For scenario (b) we have an offered load of 20 bed-days per day, and 25 beds and will only reject 5% of requests but the average measured utilisation is not 95%, it is only 76% because we have more beds (the accepted bed load is 95% * 20 = 19 bed-days per day and 19/25 = 76%).

For scenario (c) the average measured utilisation would be about 74%.

So, now we see the problem more clearly … if we blindly aim for an average, measured, bed-utilisation of 85% with the untested belief that it is always the optimum … this heat-map says it is impossible to achieve and at the same time offer an acceptable quality (>95%).

We are trading safety for money and that is not an acceptable solution in a health care system.

So where did this “magic” value of 85% come from?

From the same heat-map perhaps?

If we search for the combination of >95% success (<5% fail) and 85% average bed-utilisation then we find it at the point where the offered load reaches 50 bed-days per day and we have a bed-capacity of 56 beds.

And if we search for the combination of >99% success (<1% fail) and 85% average utilisation then we find it with an average offered load of just over 100 bed-days per day and a bed-capacity around 130 beds.

H’mm.  “Houston, we have a problem“.

So, even in this simplified scenario the hypothesis that an 85% average bed-occupancy is a global optimum is disproved.

The reality is that the average bed-occupancy associated with delivering the required quality for a given offered load with a specific number of beds is almost never 85%.  It can range anywhere between 50% and 100%.  Erlang knew that in 1917.

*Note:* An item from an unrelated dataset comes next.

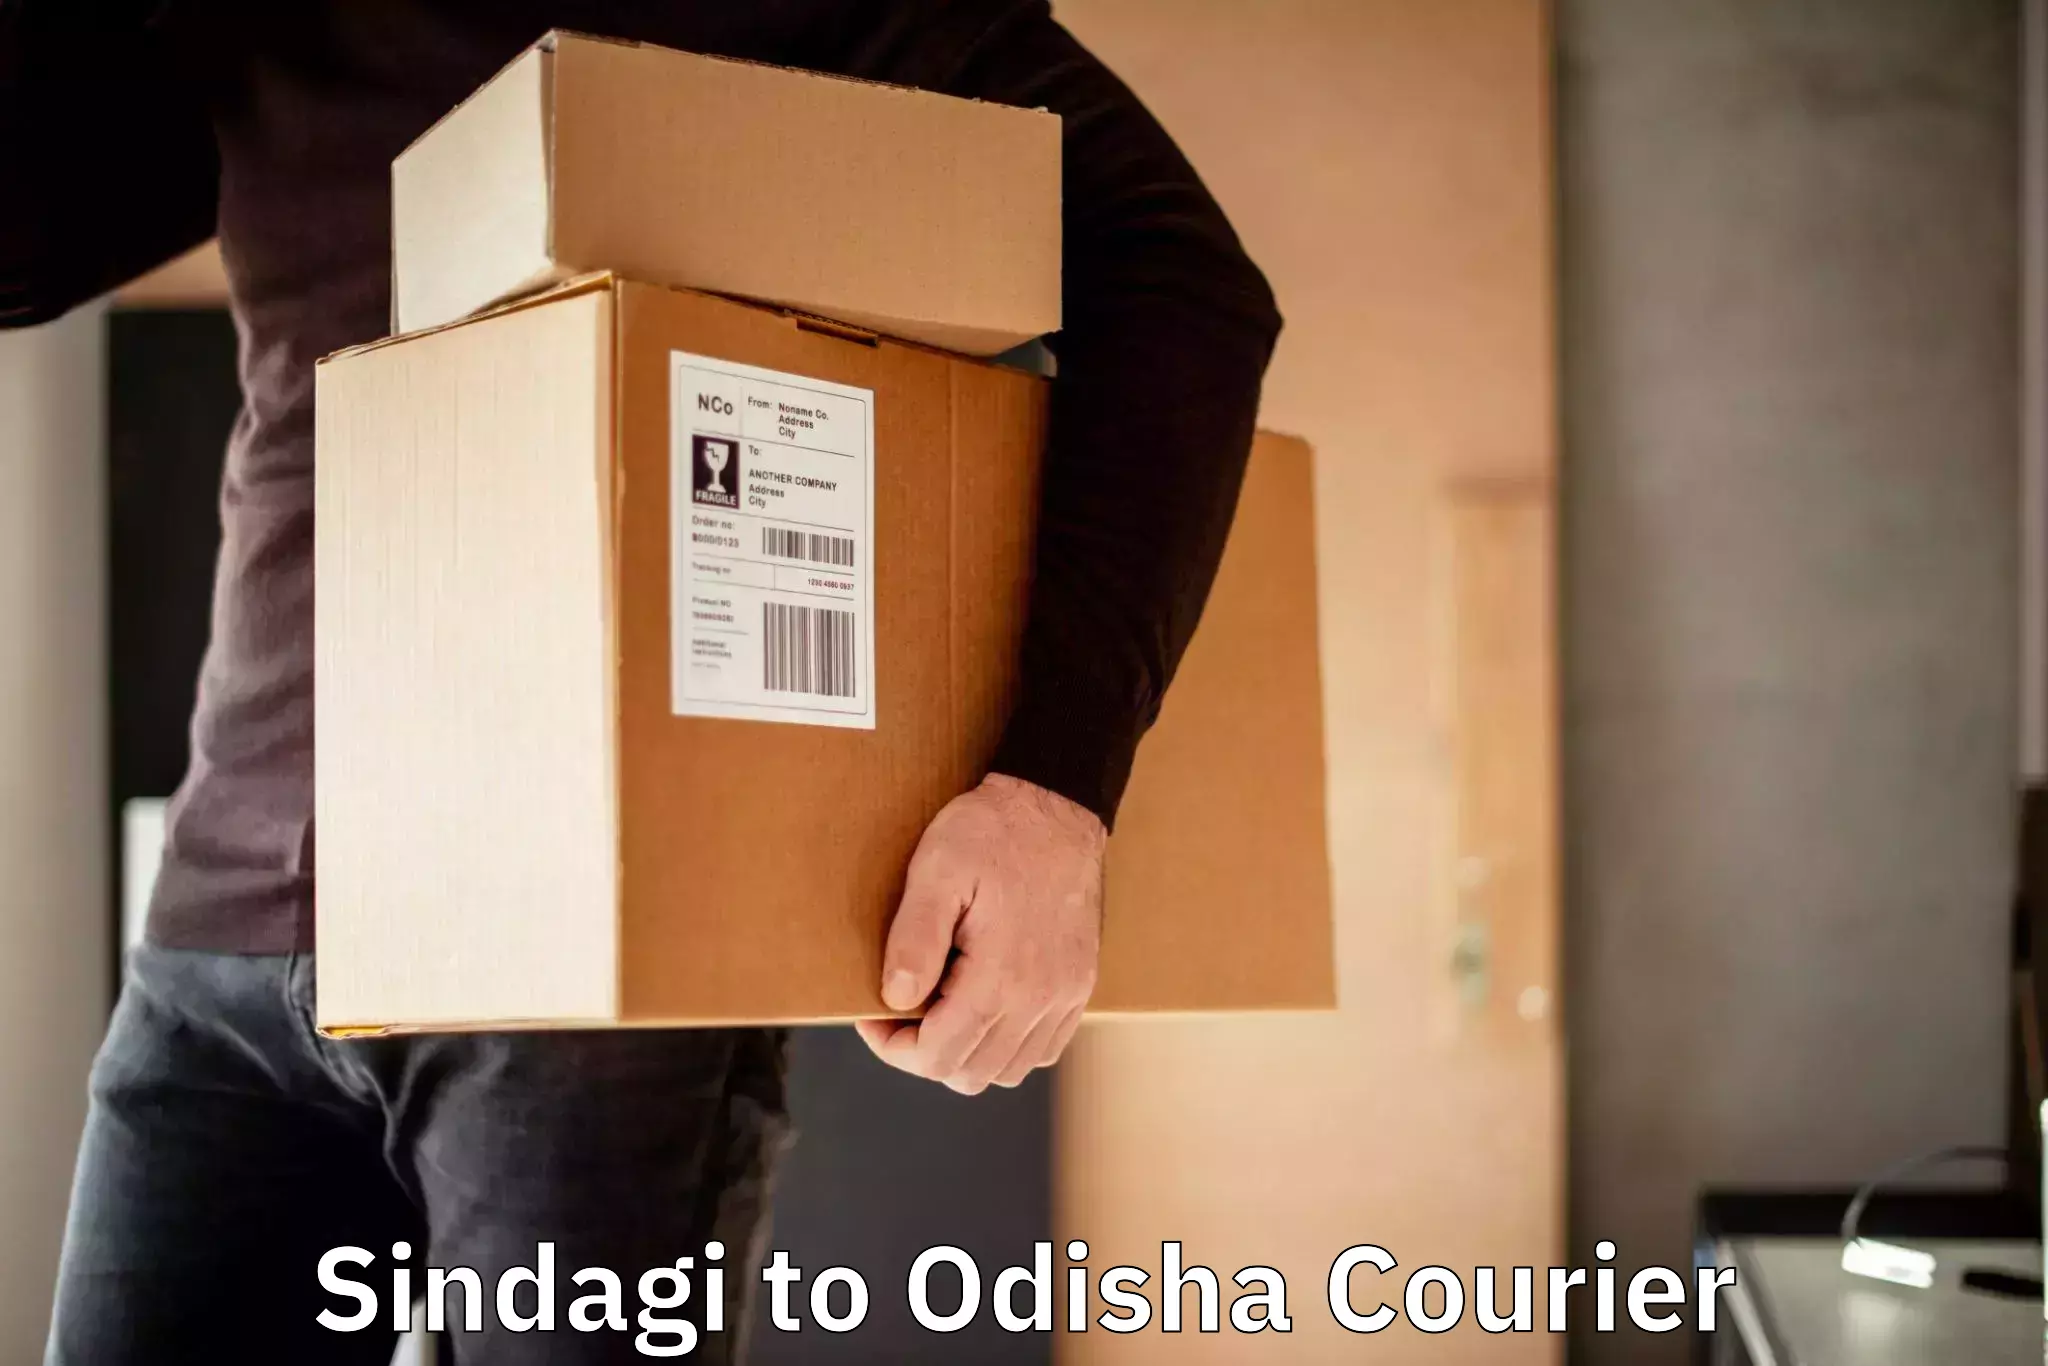 International courier networks Sindagi to Raikia

So, if a one-size-fits-all optimum measured average bed-occupancy assumption is not valid then how might we work out how many beds we need and predict what the expected average occupancy will be?

We would design the fit-4-purpose solution for each specific context …
… and to do that we need to learn the skills of complex adaptive system design …
… and that is part of the health care systems engineering (HCSE) skill-set.